As my travels proceeded and my knowledge of Messiaen grew, it occurred to me to ingest all of the religious symbols and technical devices behind the music. I should do this, I thought, because it would put me inside the composer’s head, surely the source of the intensity I wished to recover. But each time I approached the music this way, I felt stymied by Messiaen’s overwhelmingly Catholic “program,” and retreated. I couldn’t force myself to go this route; mine was a quest of the heart and body, not the intellect. Besides, I was the last person to plunge into what I saw as a theological swamp. My spiritual life hadn’t been formally linked to a religion since childhood church attendance, which was mostly benign Methodist (my father’s brand), except when my mother, raised Unitarian, switched us over to a Presbyterian church for a time, and then an Episcopal one, because the pastors wrote better sermons. Having a deep-seated aversion to anything resembling a club, I’ve never as an adult wanted to articulate a faith or join an organized religion. The first activity would devalue an inner experience—to describe it in words would limit it—and the second, which seems to me to be based on fear and tribalism, closes off possibilities.

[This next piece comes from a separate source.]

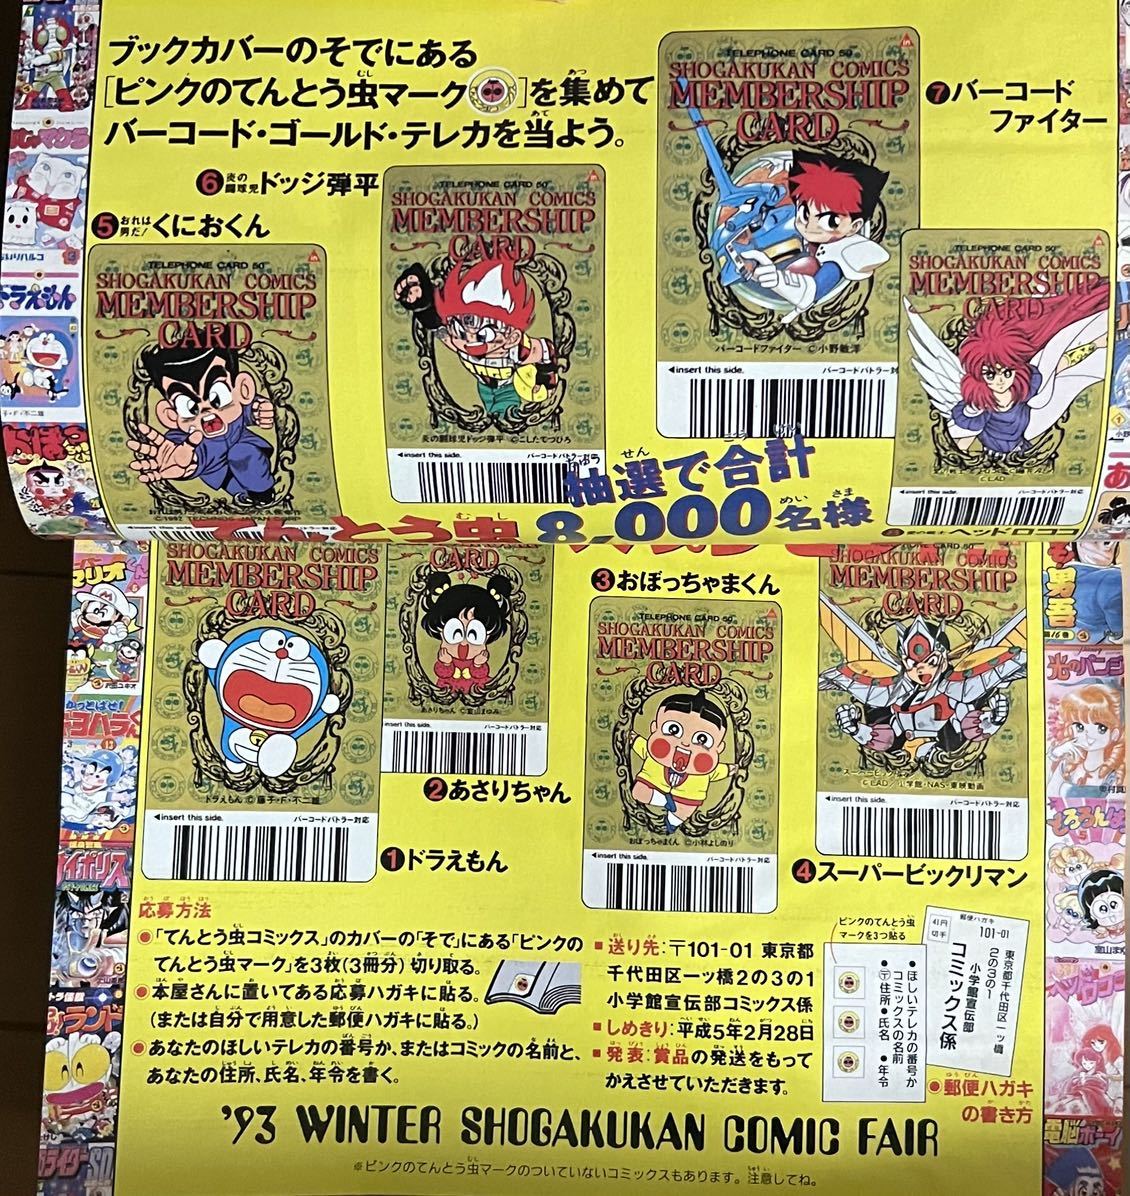 月刊コロコロコミック 1993年2月号 1995年11月号 1992年9月号 10月号 ビーダマン ビックリマン スーパーマリオ 付録 カード ミニ四駆_画像5

Still, I have always dabbled in religious matters, which might make me a sort of aspirant, implying upward movement toward some sort of triumph. But I am continually quashing the vertical impulse and reacting against it in others. I want the Shaker hymn “Simple Gifts,” not the Protestant battle anthem “Onward Christian Soldiers.” There was a time in my thirties, not long after the third quartet performance, when Pope John Paul passed through San Antonio, and the idea of a pope, a king of a religion, struck me as so preposterous that I cultivated a collection of pope memorabilia as a local corrective. Friends aware of my delight in pontiff kitsch made me gifts of pope paper-dolls, pope snow globes, pope soap-on-a-rope. My most prized possession was a signed and numbered pope lawn sprinkler: a three-foot replica of John Paul, painted on plywood, fitted on the back with a hose connector and some plastic tubing. When hooked up to a hose, the pope’s hands spouted water. The sprinkler’s official name was “Let Us Spray,” and it was the envy of my unchurched friends, as well as many of the churched ones. One morning I found it missing from my garden, and though I was angry about the theft, I joked that God was not amused by my irreverence and had seen fit to cast out my graven image. The next time I moved, I carried the rest of my pope trumpery to the Salvation Army. Presumably it was divided into piles headed for the toys and housewares departments, and even women’s clothing, where an “I Prayed with the Pope” T-shirt from Denver, featuring the pontiff surrounded by a pestilence of prairie dogs, was snatched up, I hope, by someone with a sense of humor.

§

While I was traveling to hear Messiaen and chuckling over the pope, the daily newspaper in Austin hired me as music critic, and I began an accidental writing career. Even so, I continued to perform in chamber groups and the city opera orchestra with the help of chiropractors, yoga instructors, and a gifted Rolfer whose manipulations increased my height by half an inch. Working with both music and words was often frustrating. I found that I couldn’t practice the clarinet, put down the instrument, and immediately take up the pen. There had to be a transitional hour between the use of each language, during which I would perform a household task such as baking bread or gardening. In shuttling back and forth from one to the other, I experienced a physical sensation, a light-headedness. A neuroscientist could explain exactly why this was so; put simply, verbal and musical language centers reside in different parts of the brain. I felt a slight but real chemical switch.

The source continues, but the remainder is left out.